Data.
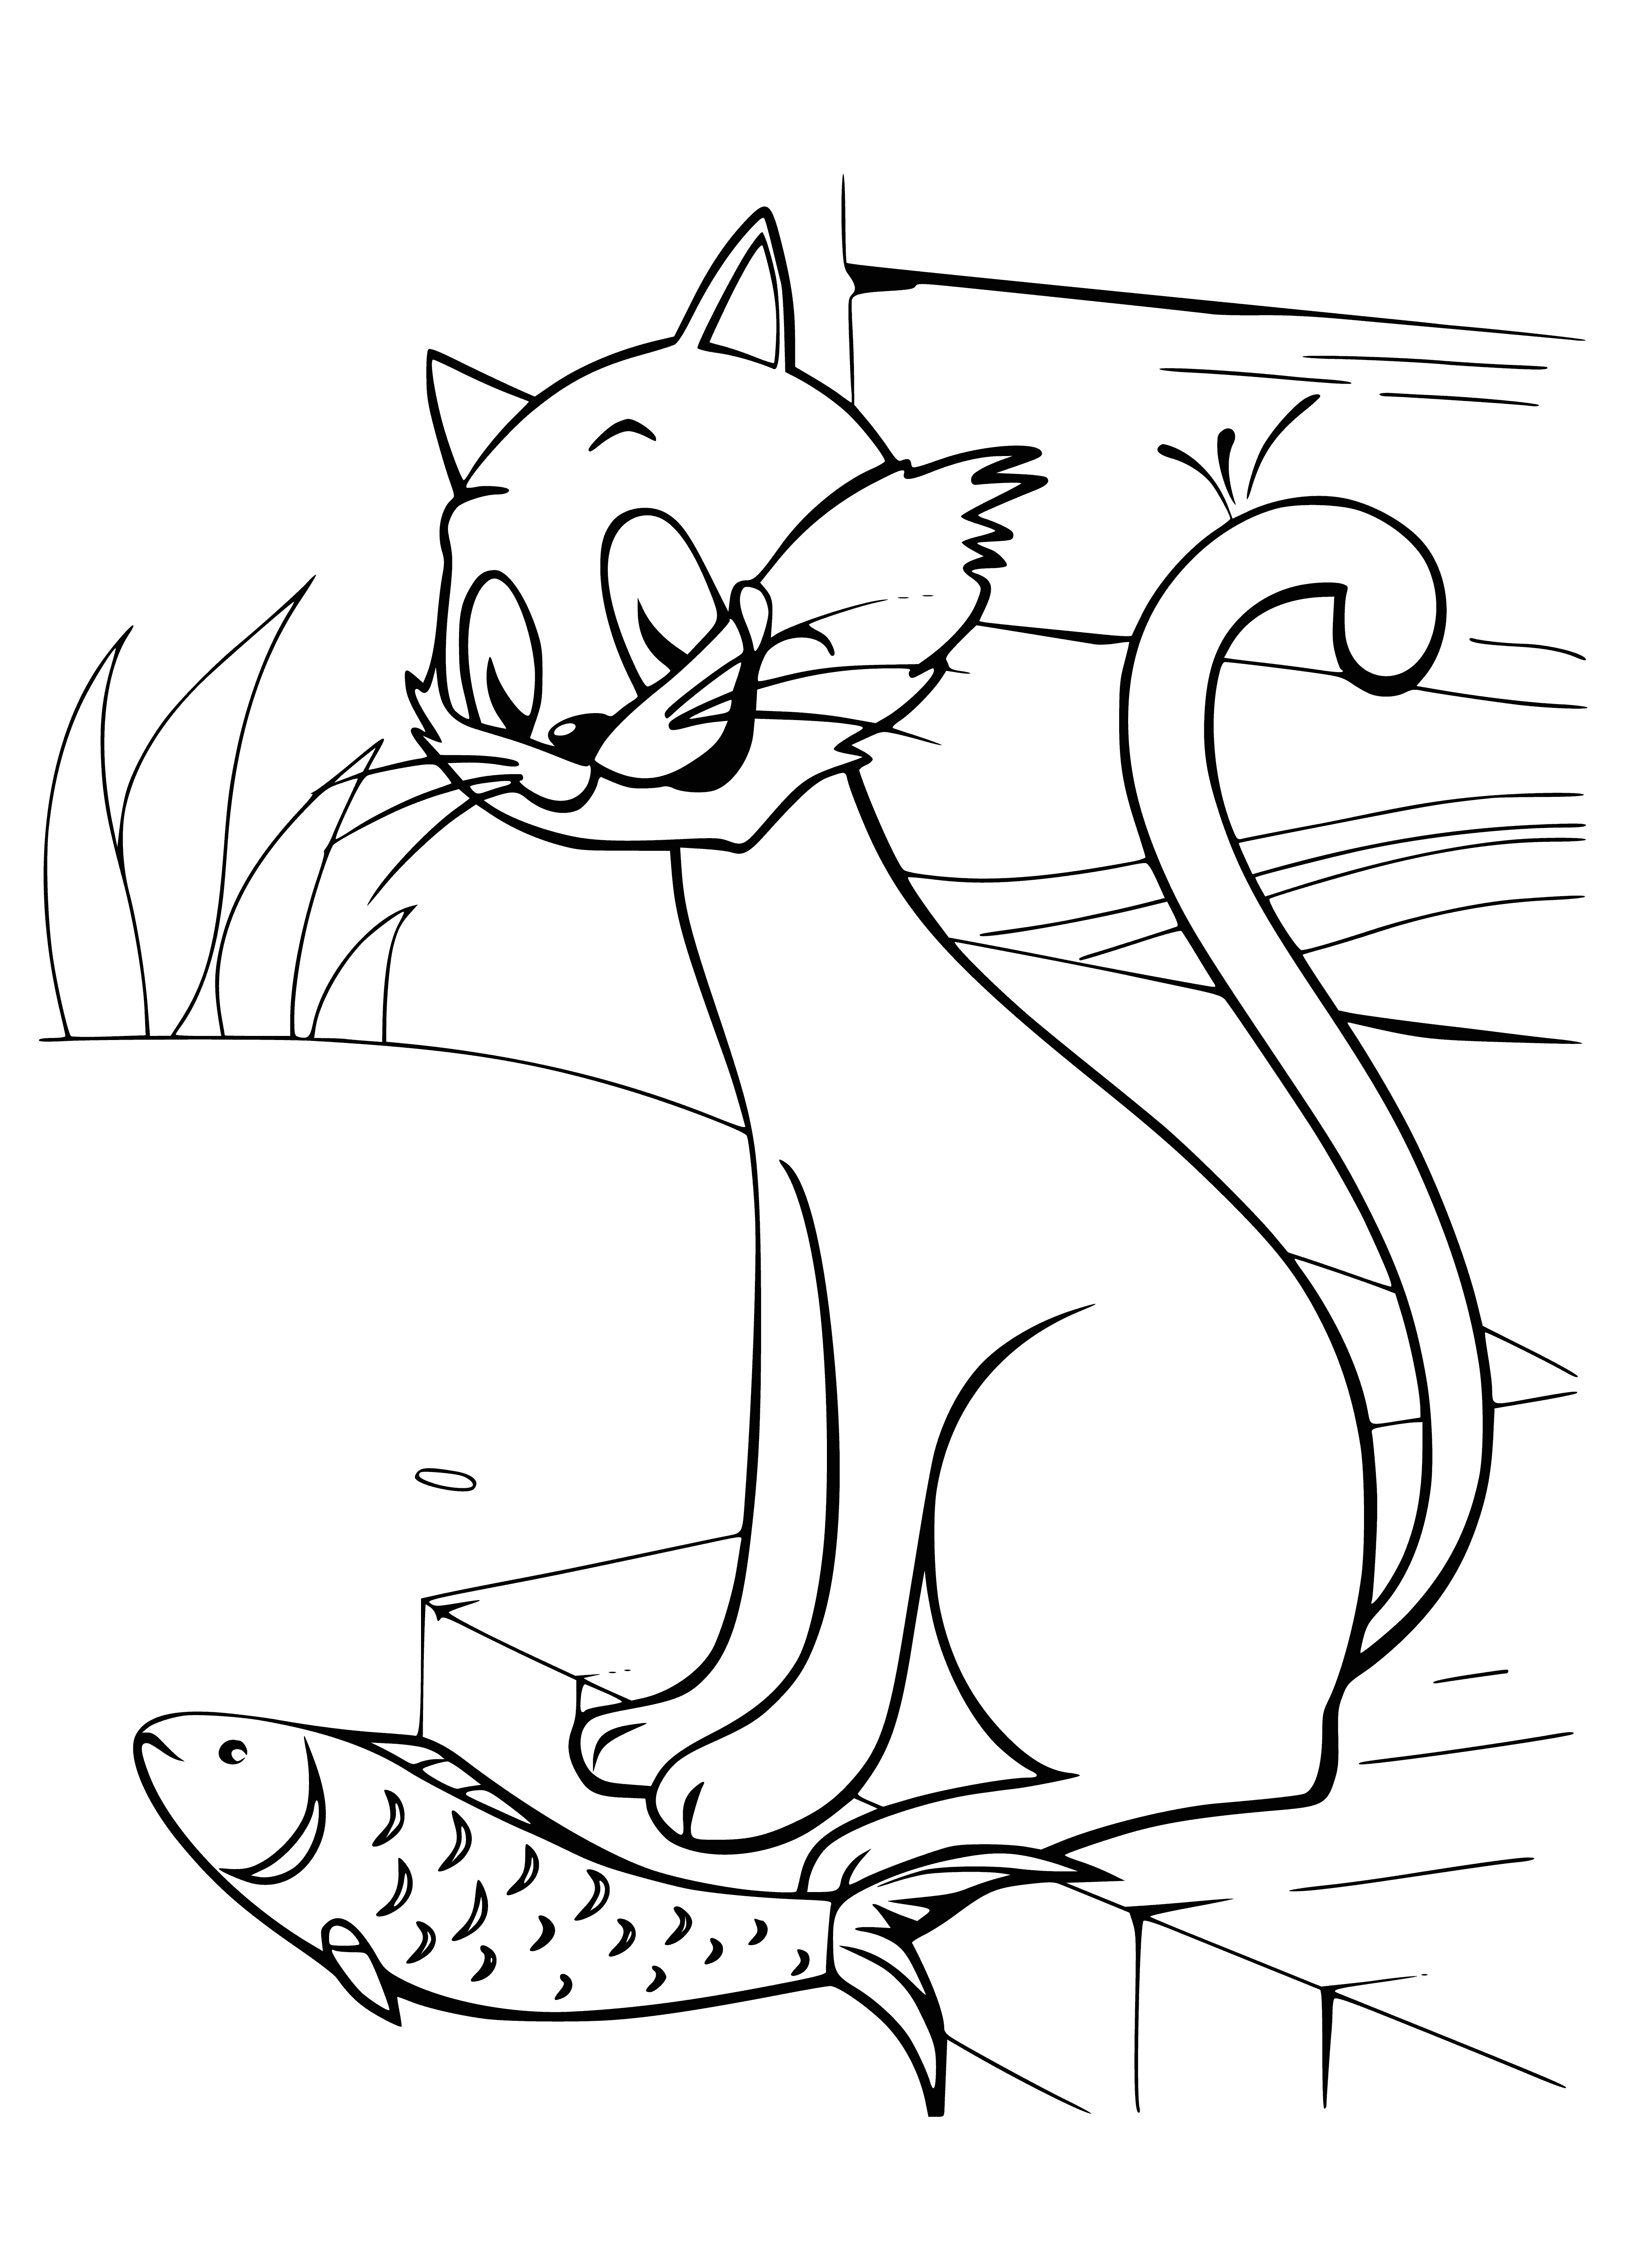 coloring page: Colorful kitten sits in front of bowl of fish, looking at camera with green eyes, white fur with black spots.
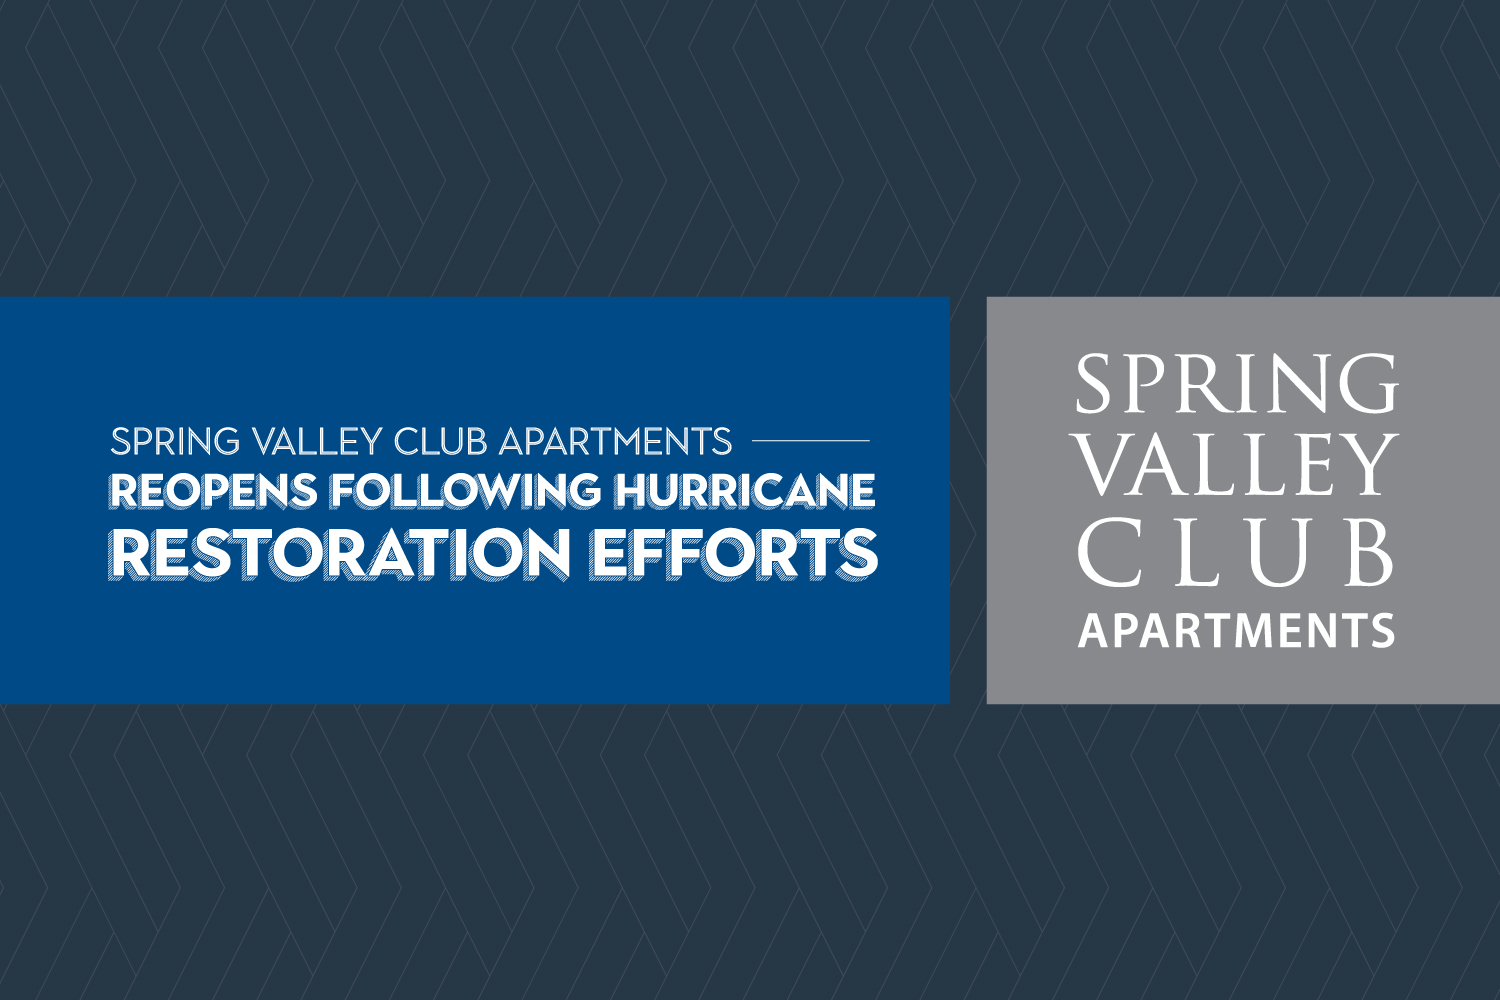 Spring Valley Club Apartments reopens following hurricane restoration efforts
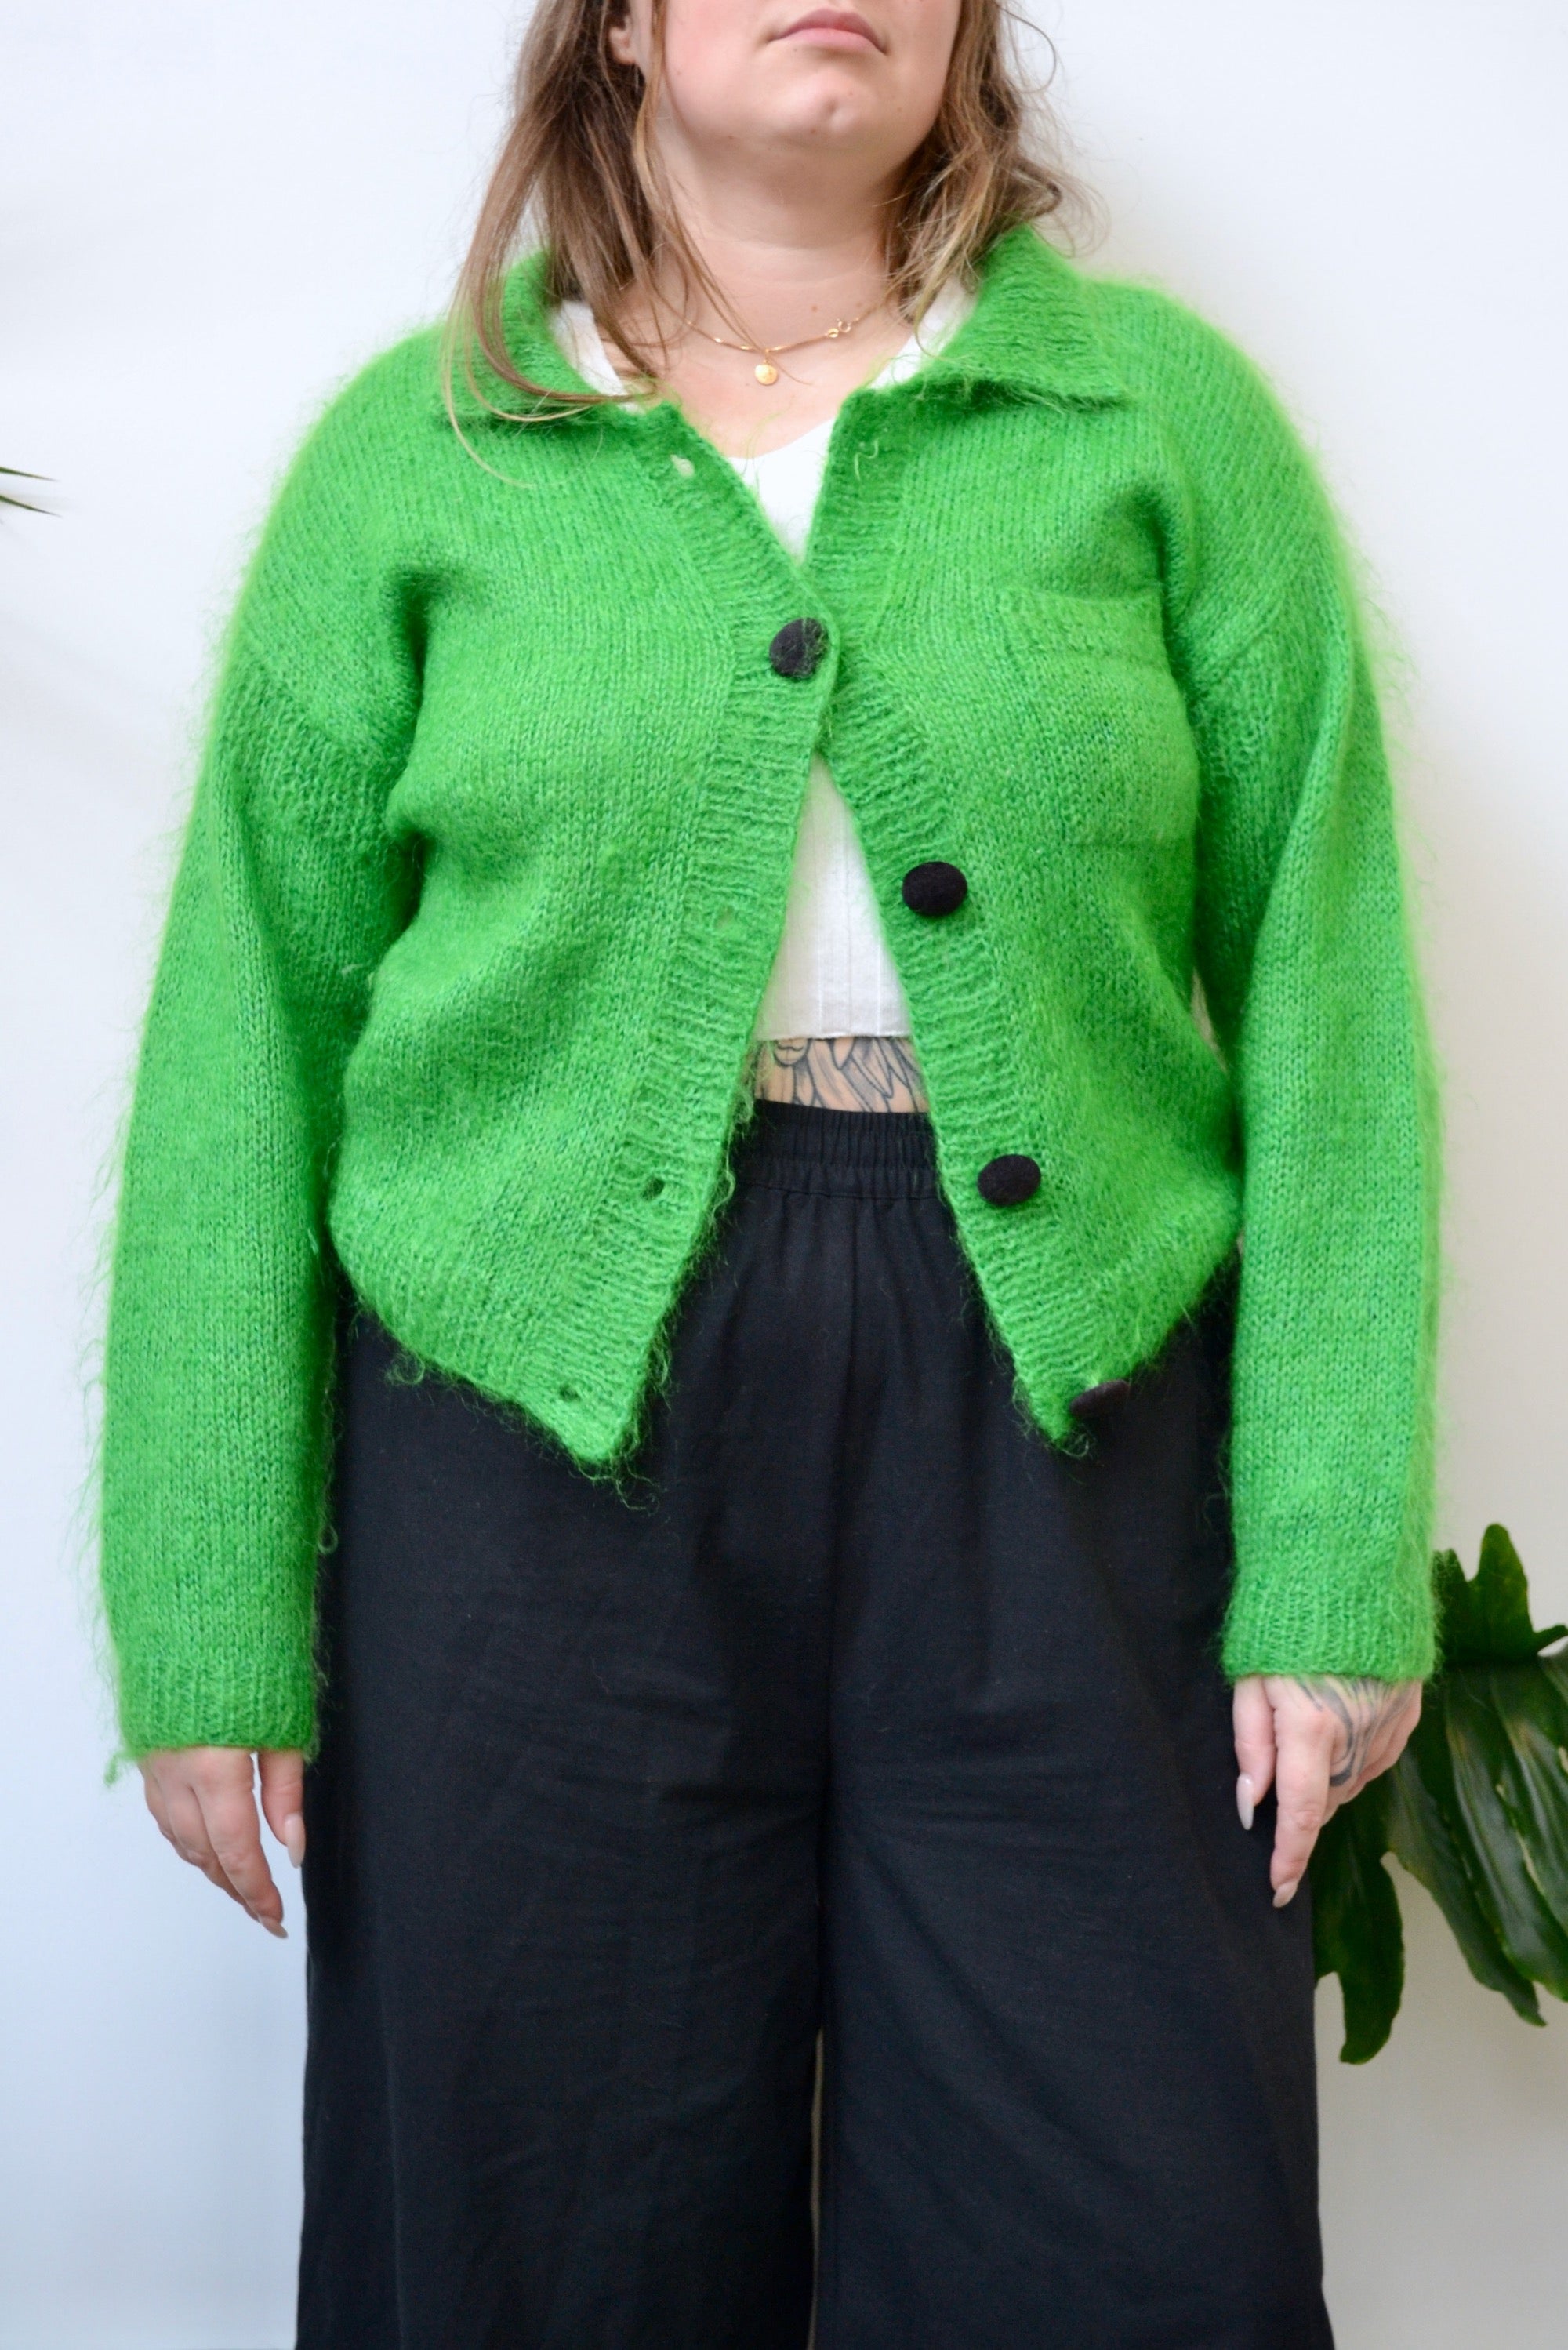 The Grinch Mohair Knit

About this exercise. Keeping pictures out, repeat exactly the lines from the one containing "Spring Valley Club" through the end of the listing.

Exercise result.
 Spring Valley Club Apartments reopens following hurricane restoration efforts
 The Grinch Mohair Knit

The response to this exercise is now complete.